Esse perverso caminho, da democracia ao fascismo, linear, organizado não por movimentos externos, mas pelas mesmas instituições do poder constitucional, pela conformação dos órgãos de controle (da magistratura em particular) às linhas da extrema direita, é o desvelamento de um projeto coerente que atravessa as instituições, destruindo todos os elos e incidindo, sobre novas conformações, nas figuras formais da Constituição e na materialidade de sua direção política garantida pelo processo de legitimidade eleitoral, e assim dissipando qualquer caráter ético do princípio democrático: tudo isso impõe, quando e se a indignação diminuir, uma reflexão sobre o tema da democracia.
Mas isto não é suficiente. O fascio-populismo de Trump-Bolsonaro comete mais um estupro da democracia. A “democracia direta” é aqui assumida, de maneira massificada e mistificada, por estas lideranças fascistas, e subvertida pelo “modo de governo” na sua “figura de legitimidade”. Os tweets de Trump representam esta derrubada. As mídias social e institucional agora se debruçam voluntariamente sobre esta função de legitimação. Pode-se também adicionar (e a literatura sobre este assunto é vasta) que a produzem – ou pelo menos tornam isso possível. Quando a indignação tiver diminuído deveremos ainda colocar o problema da “liberdade de expressão” atrelada ao poder. É o primeiro dos problemas que um movimento de resistência, sob a bandeira de “livros, e não armas” (como agora começa a se dizer no Brasil) deverá se pôr, porque antes de tudo ele deverá libertar a “liberdade de expressão”. Certo que a contradição entre liberdade de expressão (protegida constitucionalmente) e o dinheiro (=propriedade, =corrupção, =uso criminoso de informações falsas pela grande mídia) parece insolúvel.
Um problema geral
Nos EUA, um processo semelhante ao brasileiro está em andamento.

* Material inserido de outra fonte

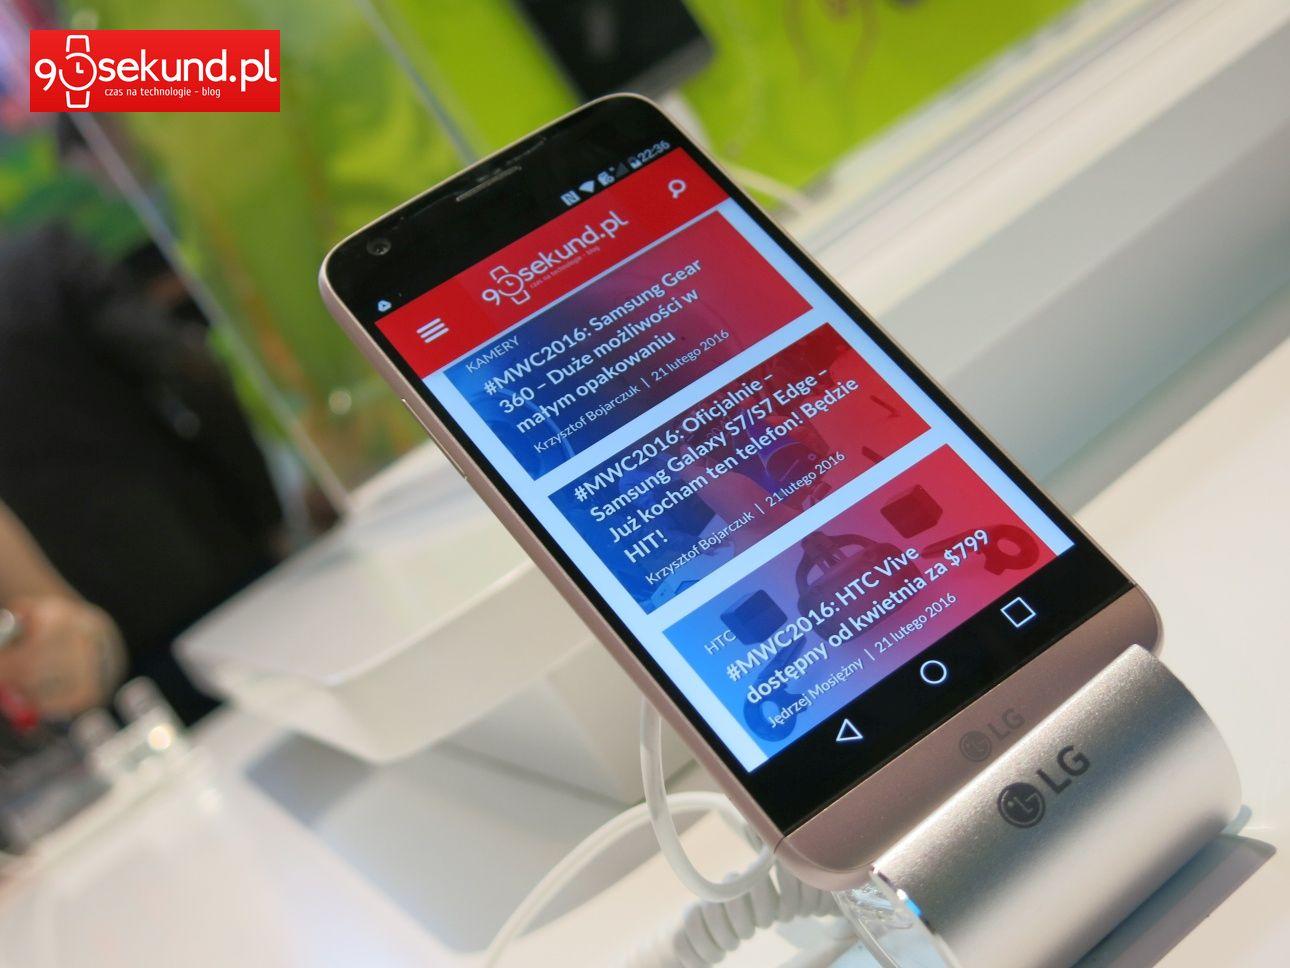 LG G5 - 90sekund.pl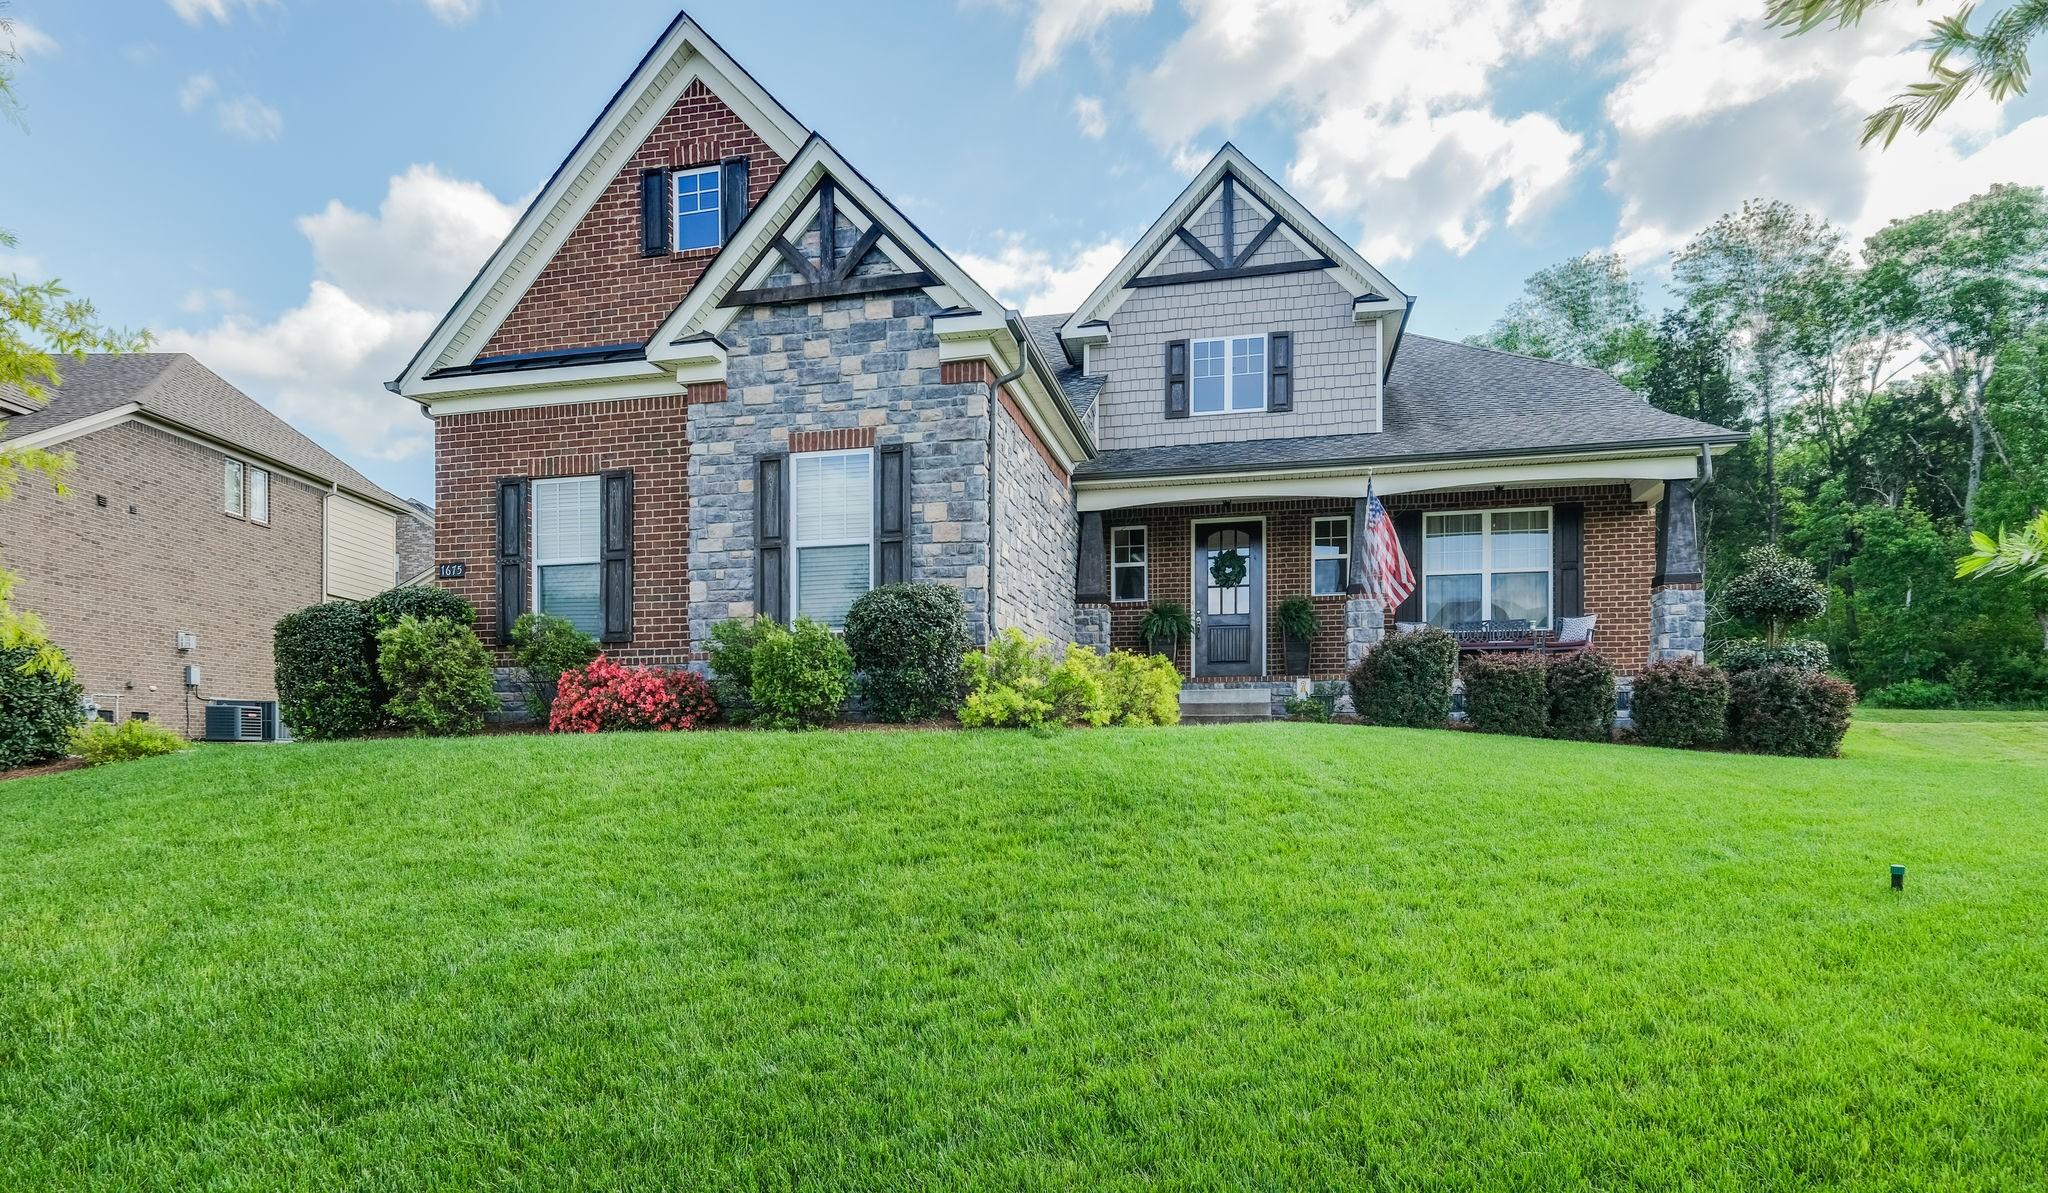 1675 Briarcliff Dr, Nolensville, TN 37135 - Nolensville, TN real estate listing

A solidez democrática e o valor da Constituição daquele país impedem, por enquanto, que o processo de transformação tenha os aspectos perversos e por vezes grotescos que se passam no Brasil. Nos EUA, a presença das forças de oposição ainda pode bloquear (e, em todo caso, tornar incerta) a realização de uma tendência como a brasileira. Isso não significa, todavia, que um processo de consolidação reacionária esteja em curso. Detecta-se o pesado deslocamento do Partido Republicano para o “núcleo duro” trumpiano (e, por trás disso, a supremacia alt-right), a direção de vinte anos da Suprema Corte em posições ultraconservadoras, a realização de colossais operações financeiras para controle midiático do voto etc.. De uma maneira muito mais frágil, mas com acelerações por vezes velozes, processos análogos também estão ocorrendo na Itália. Contudo, o horizonte populista se alarga na Europa e na América latina. Esta extensão aprofunda dramaticamente o problema acima colocado: como o fascismo se estabelece nas/através das instituições democráticas? E, em segundo lugar, o que é esta insurgência fascistizante?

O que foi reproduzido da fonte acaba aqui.